Связерский медленно обернулся. Его глаза все еще влажно поблескивали. Секунду он растерянно смотрел на сына, а потом в уголках его сурово сжатых губ стала зарождаться улыбка. Она наползала и ширилась, обнажая крепкие белоснежные зубы и что-то большее. Возможно, какую-то потаенную часть его заблудшей души. Он отвел взгляд. Вернул на голову бейсболку и медленно-медленно кивнул:

— Да, я твой папа. И знаешь, что?

— Что?

— Это лучшее, что со мною случалось.

В пиццерии, куда ребята из их команды поехали отмечать заслуженную победу, было не протолкнуться. Мальчишки, возбужденные победой и присутствием на своей сходке великого спортсмена, были уж слишком взбудоражены. Впрочем, как и их родители. Рита ковыряла приборами свой кусочек, то и дело переглядываясь то с Богданом, который вступил с другими родителями в жаркий спор относительно преимуществ ловли раков на живца, то на сына, бросающего заинтересованные взгляды на симпатичную девочку за соседним столом.

— Ну, че залип? Слабо пойти познакомиться? — подтрунивал над Мариком один из дружков.

— Вот еще. А вдруг окажется, что она ТП?

— Нашел проблему, — заржал мальчишка, — отпишешься от нее в Инсте — и все дела.

Рита моргнула. Какая-то важная мысль пронеслась в её голове. Пронеслась так быстро, что она едва успела уловить отголоски ее движения.

— Рит…

— Ммм?

— Слушай, детка, у меня в пять утра самолет.

— Да? Я тоже устала. Но Марика, похоже, отсюда так просто не увезти… — Марго кивнула в сторону сына, который как раз подошел к той самой девочке.

— Оу, — ухмыльнулся Связерский. — Слушай, а может, мы его кому-нибудь перепоручим?

— Как это?

— Ну, есть же тут родители, живущие неподалеку от нас? Пусть парень развлекается, а мы… — Богдан дурашливо пошевелил бровями, но почти в тот же миг стал предельно серьезным. — Этот день меня доконал. И я ужасно… просто ужасно по тебе соскучился.

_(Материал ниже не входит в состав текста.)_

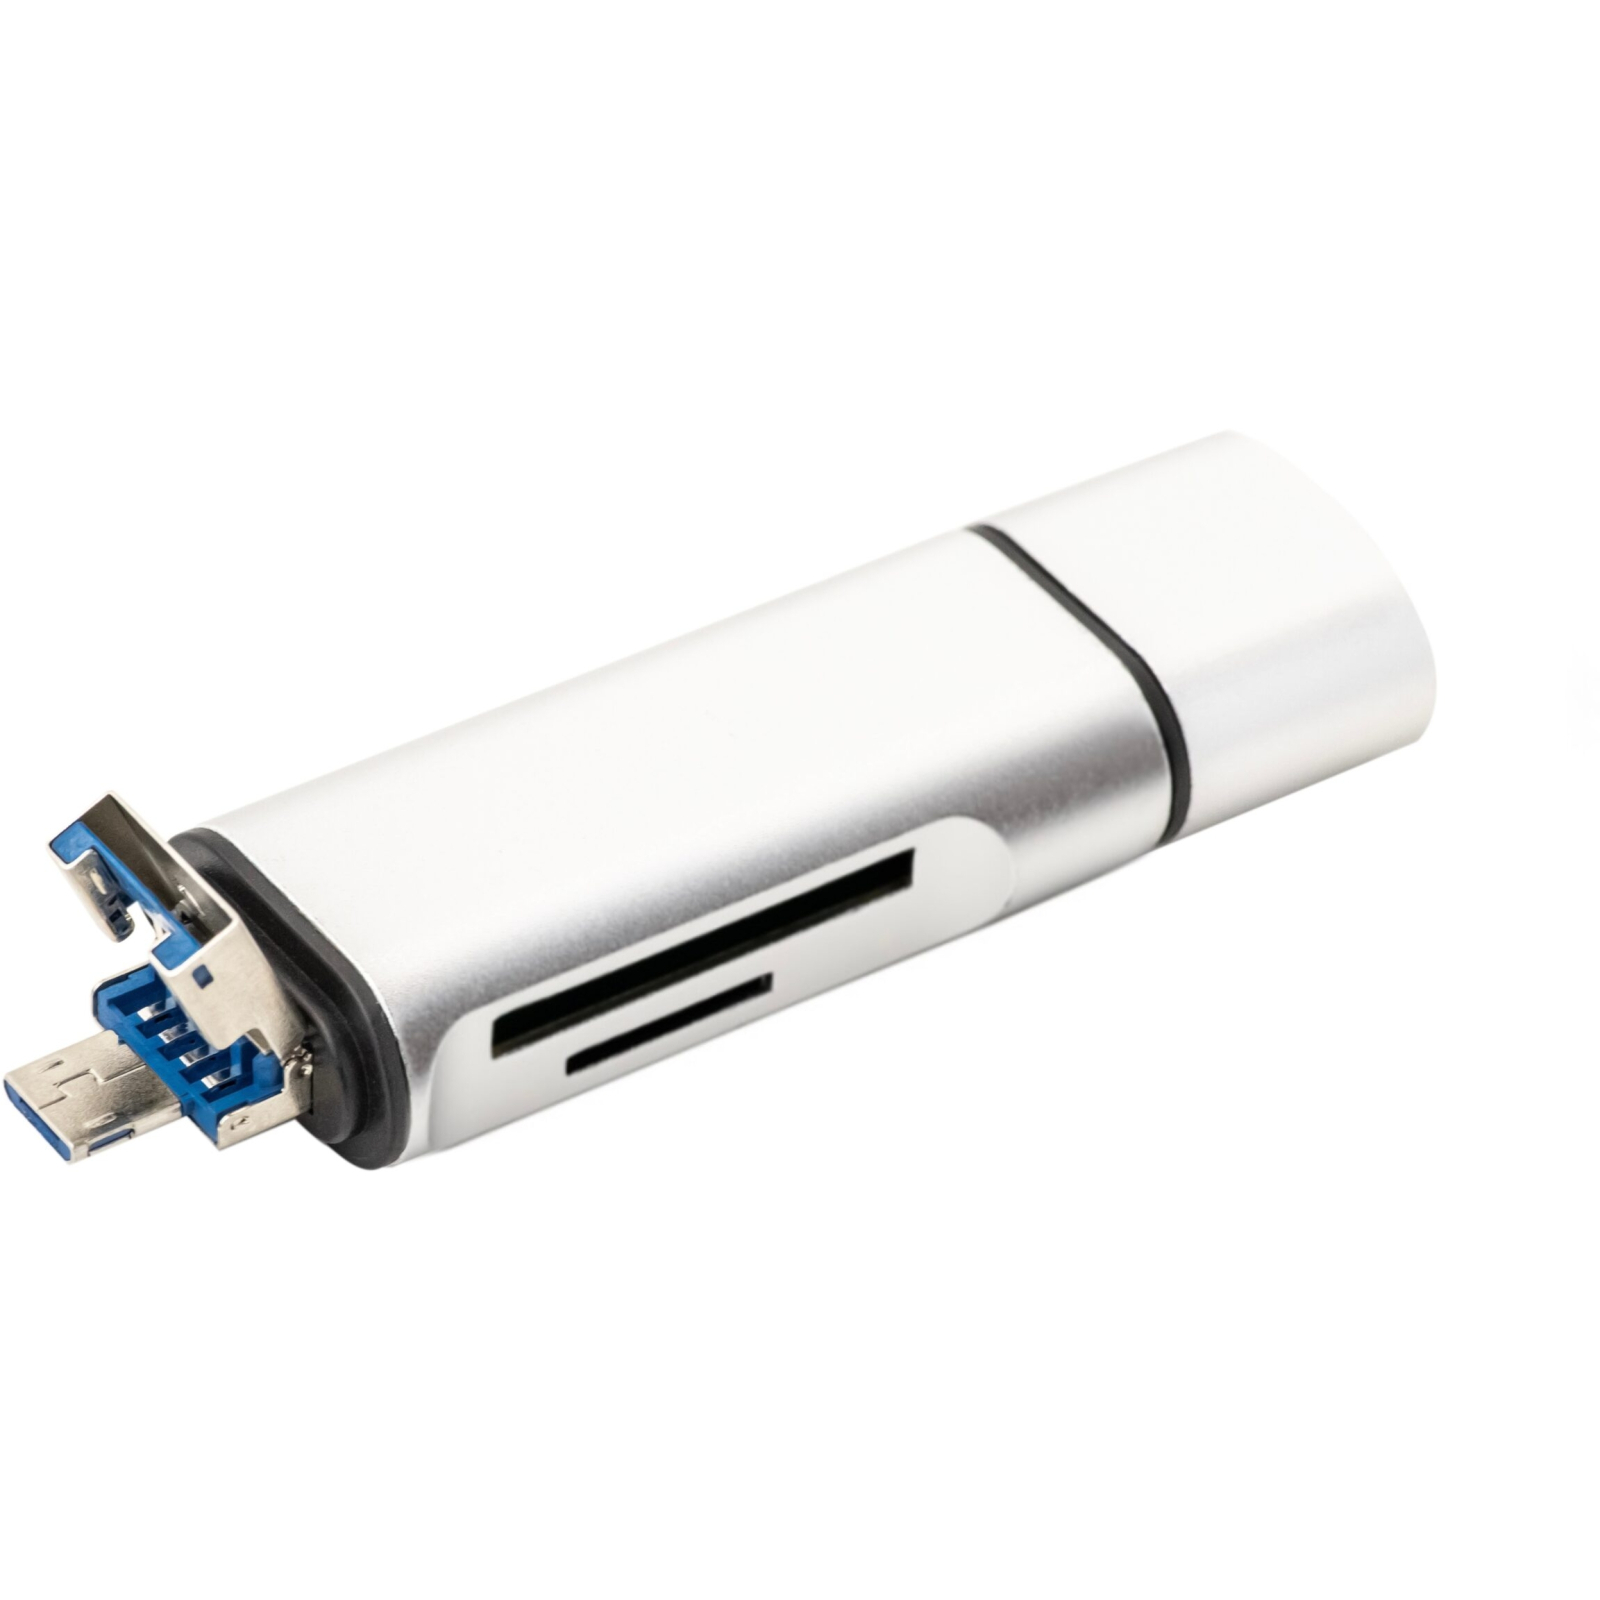 Концентратор XoKo AC-440 Type-C USB 3.0 and MicroUSB/SD Card Reader (XK-AС-440) изображение 4

Рита с сомнением покосилась на Связерского, но все же отправилась на поиски семейной пары, живущей как раз на их улице, а заодно и предупредила сына, что они с отцом уезжают.

А дома… дома их настигла страсть. Три месяца — большой срок для любого мужчины. Три месяца для плейбоя — почти приговор. Он даже толком не давал ей отдышаться. Сталкивал в очередной сладкий, тягучий экстаз и снова заставлял подняться на пик наслаждения. И так до полного изнеможения, пока от криков Рита не сорвала горло.

И через весь этот пир плоти звенела тревожной ноткой та самая неуловимая мысль. Она кружилась в голове и не давала покоя.

Выйдя из душа, Рита подошла к трюмо и покрутила в руках баночку с кремом. Ноги до сих пор дрожали, а в теле ощущалась приятная усталость.

— Знаешь, чтобы нынче расстаться с девушкой, оказывается, нужно просто отписаться от нее в Инстаграм.

Сонный расслабленный Связерский сыто потянулся, прикрыл глаза и прошептал:

— Плох тот мир, в котором так легко вычеркивают людей из сердца, — и уснул.

А Рита еще долго не могла сомкнуть глаз. Она бродила по квартире, копаясь в себе, переживая снова и снова свои обиды. Уже и Марк, вернувшись домой, поплелся спать, и луна взошла… А она все размышляла, в попытке найти ответы.

Что ей не давало двигаться дальше? Почему она с таким упорством цеплялась за свои обиды и прошлое? Почему никак не могла переступить через них и броситься в любовь с головой?

Она хотела гарантий. Да… Вот только в любви их никто не давал. Любовь и боль — две стороны одной медали. И ты рискуешь всегда. Каждый чертов раз. Неважно, с обычным сантехником или со звездным спортсменом. Нет никаких маркеров, позволяющих сказать «Вот! С этим парнем ты в безопасности». Потому что, любя, ты всегда под угрозой. Твое сердце, твои мысли, твой покой… они уже тебе не принадлежат. И потому, возможно, люди стали избегать чувств. Начали просто вышвыривать друг друга за борт при малейшем намеке на угрозу. Покидать без сожалений, придумав себе сказочку о «любишь — отпусти». Отношения обесценились. Душевная близость стала ненужной. Зачем впускать кого-то в сердце, если спустя год или два ты с легкостью вычеркнешь человека из жизни? Переступишь через общее прошлое быстро и легко. Не оглядываясь…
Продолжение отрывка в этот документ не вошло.